Our research team has identified a hidden gem – an AI company with cutting-edge technology, massive potential, and a current stock price that screams opportunity.

This company boasts the most advanced technology in the AI sector, putting them leagues ahead of competitors.

It’s like having a race car on a go-kart track.

They have a strong possibility of cornering entire markets, becoming the undisputed leader in their field.

Here’s the catch (it’s a good one): To uncover this sleeping giant, you’ll need our exclusive intel.

We want to make sure none of our valued readers miss out on this groundbreaking opportunity!

That’s why we’re slashing the price of our Premium Readership Newsletter by a whopping 70%.

For a ridiculously low price of just $29.99, you can unlock a year’s worth of in-depth investment research and exclusive insights – that’s less than a single restaurant meal!

Here’s why this is a deal you can’t afford to pass up:

• Access to our Detailed Report on this Game-Changing AI Stock: Our in-depth report dives deep into our #1 AI stock’s groundbreaking technology and massive growth potential.
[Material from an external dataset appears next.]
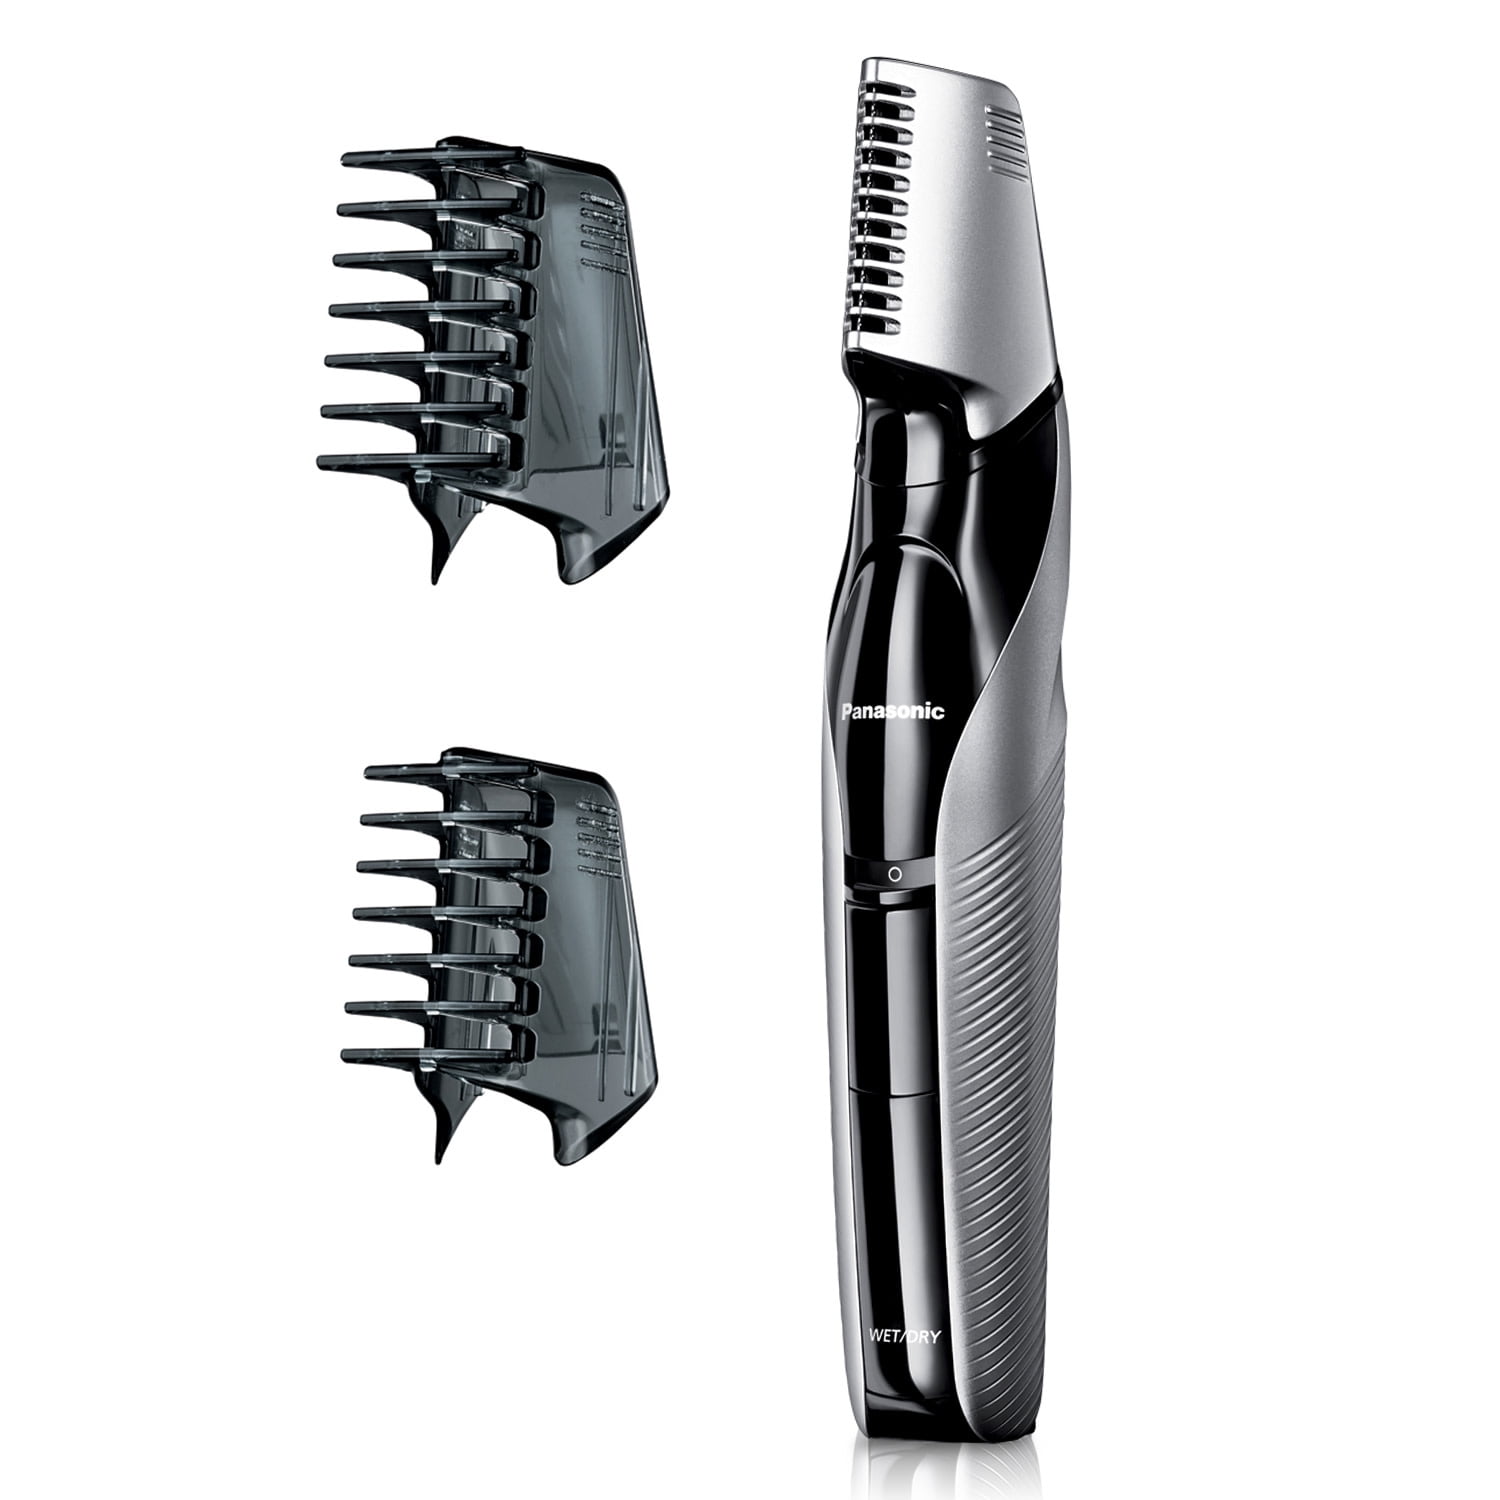 Panasonic Body Hair Trimmer, Waterproof Design, V-Shaped Trimmer Head with  3 Comb Attachments for Gentle, Full Body Grooming, ER-GK60-S

• 11 New Issues of Our Premium Readership Newsletter: You will also receive 11 new issues and at least one new stock pick per month from our monthly newsletter’s portfolio over the next 12 months. These stocks are handpicked by our research director, Dr. Inan Dogan.

• One free upcoming issue of our 70+ page Quarterly Newsletter: A value of $149

• Bonus Reports: Premium access to members-only fund manager video interviews

• Ad-Free Browsing: Enjoy a year of investment research free from distracting banner and pop-up ads, allowing you to focus on uncovering the next big opportunity.
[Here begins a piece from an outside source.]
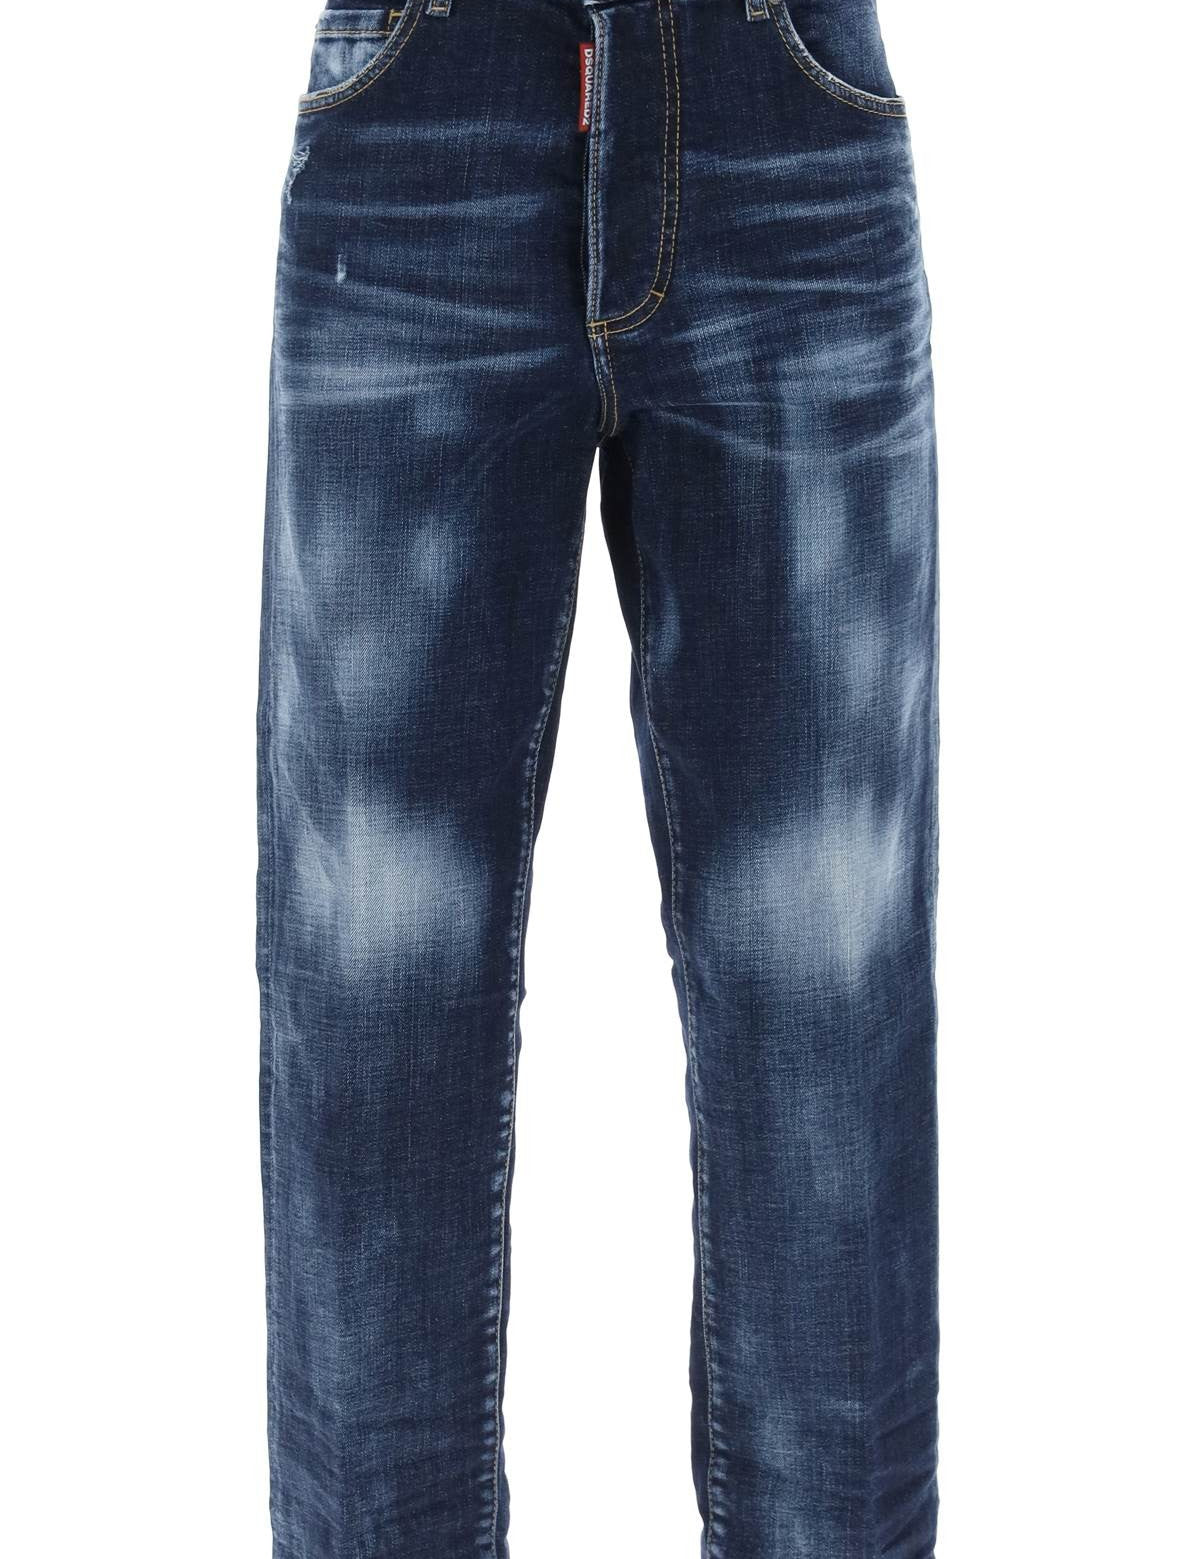 dsquared2-boston-cropped-jeans.jpg

• 30-Day Money-Back Guarantee:  If you’re not absolutely satisfied with our service, we’ll provide a full refund within 30 days, no questions asked.

 

Space is Limited! Only 1000 spots are available for this exclusive offer. Don’t let this chance slip away – subscribe to our Premium Readership Newsletter today and unlock the potential for a life-changing investment.

Here’s what to do next:

1. Head over to our website and subscribe to our Premium Readership Newsletter for just $29.99.
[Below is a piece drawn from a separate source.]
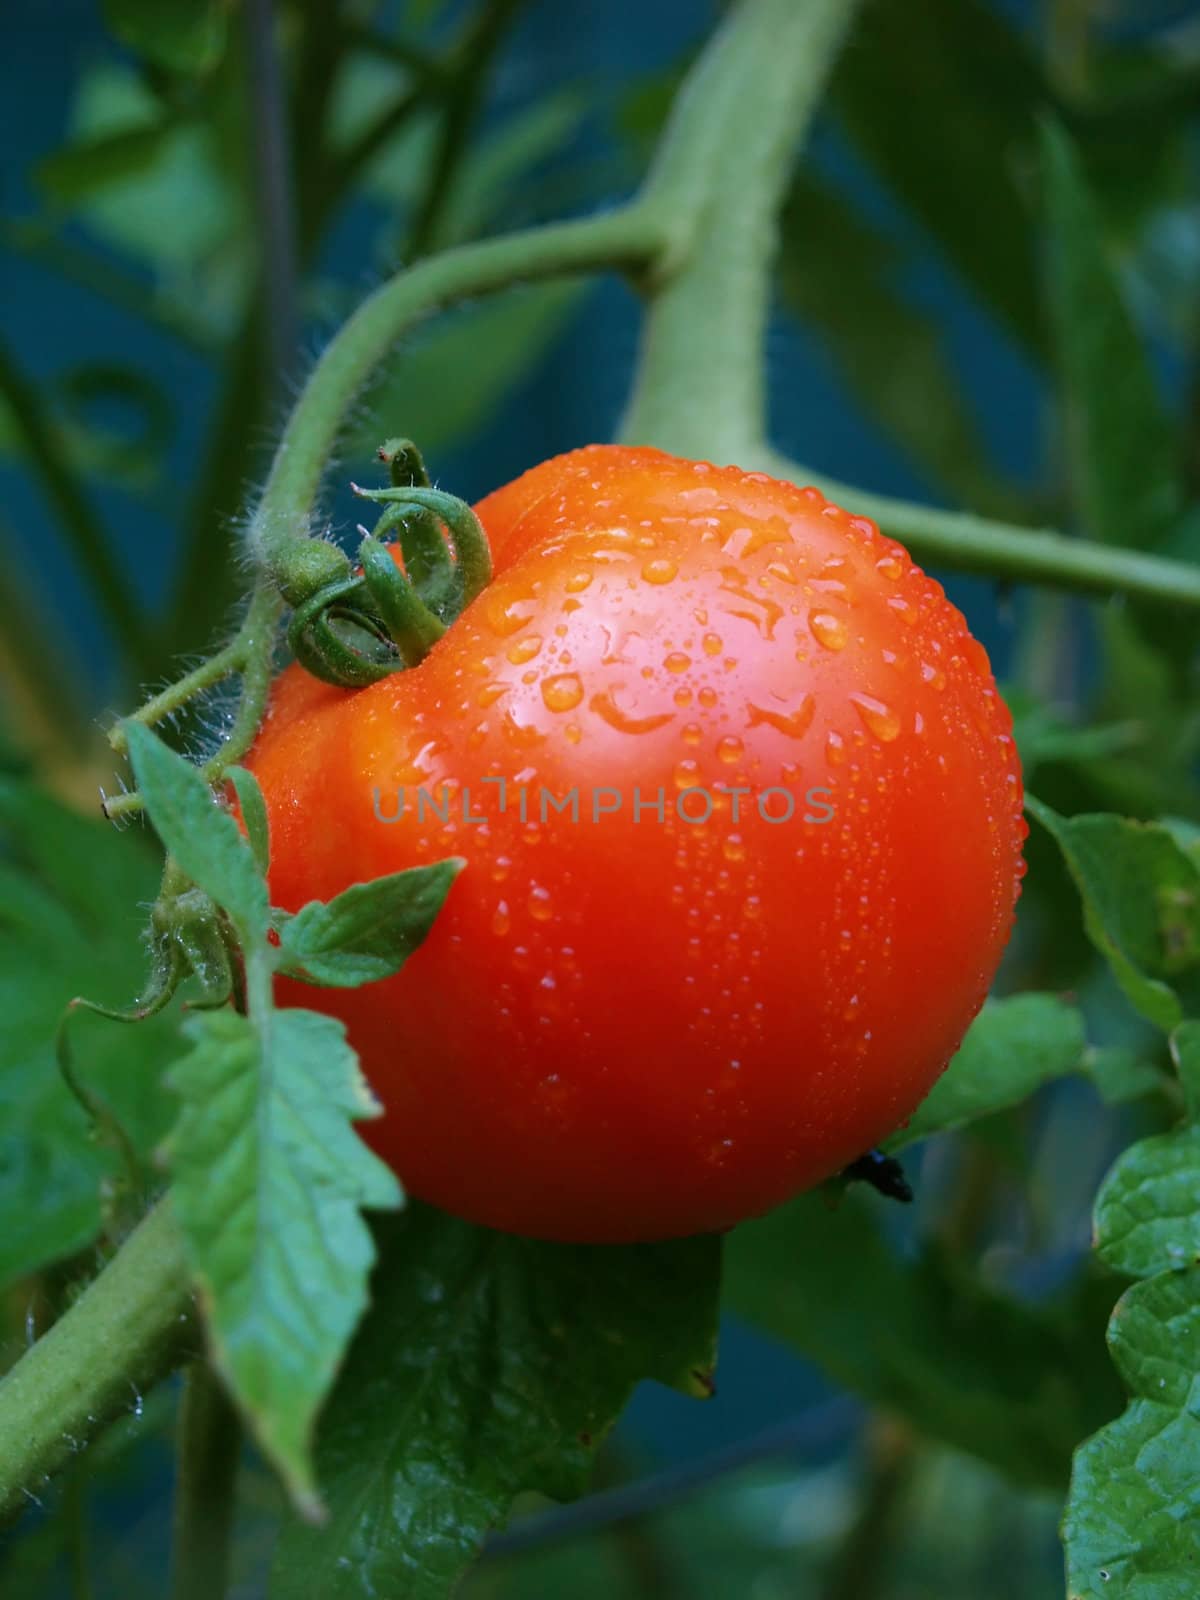 Bright red tomato growing on the vine with water drops on the skin

2. Enjoy a year of ad-free browsing, exclusive access to our in-depth report on the revolutionary AI company, and the upcoming issues of our Premium Readership Newsletter over the next 12 months.

3. Sit back, relax, and know that you’re backed by our ironclad 30-day money-back guarantee.

Don’t miss out on this incredible opportunity! Subscribe now and take control of your AI investment future!


No worries about auto-renewals! Our 30-Day Money-Back Guarantee applies whether you’re joining us for the first time or renewing your subscription a year later!

Could This Company Do for Housing What Tesla Did for Cars?

Home construction has been slow, costly, and inefficient for centuries. To change that, in 2017, Paolo and Galiano Tiramani founded BOXABL, bringing factory-built efficiency to a nearly $5T global home construction industry.

Where traditional homes take 7+ months to build, new homes can roll off BOXABL’s assembly line nearly every 4 hours. Equipped with plumbing, electrical, and HVAC, they’re ready to be delivered and lived in. No wonder they’ve built 600+ already with 190,000+ more reservations from potential buyers.

Now, the Tiramanis are preparing to unlock even more growth opportunities with Phase 2 — where modules can be configured into larger townhomes, single-family homes, and apartments. No wonder they recently reserved the Nasdaq ticker “$BXBL.”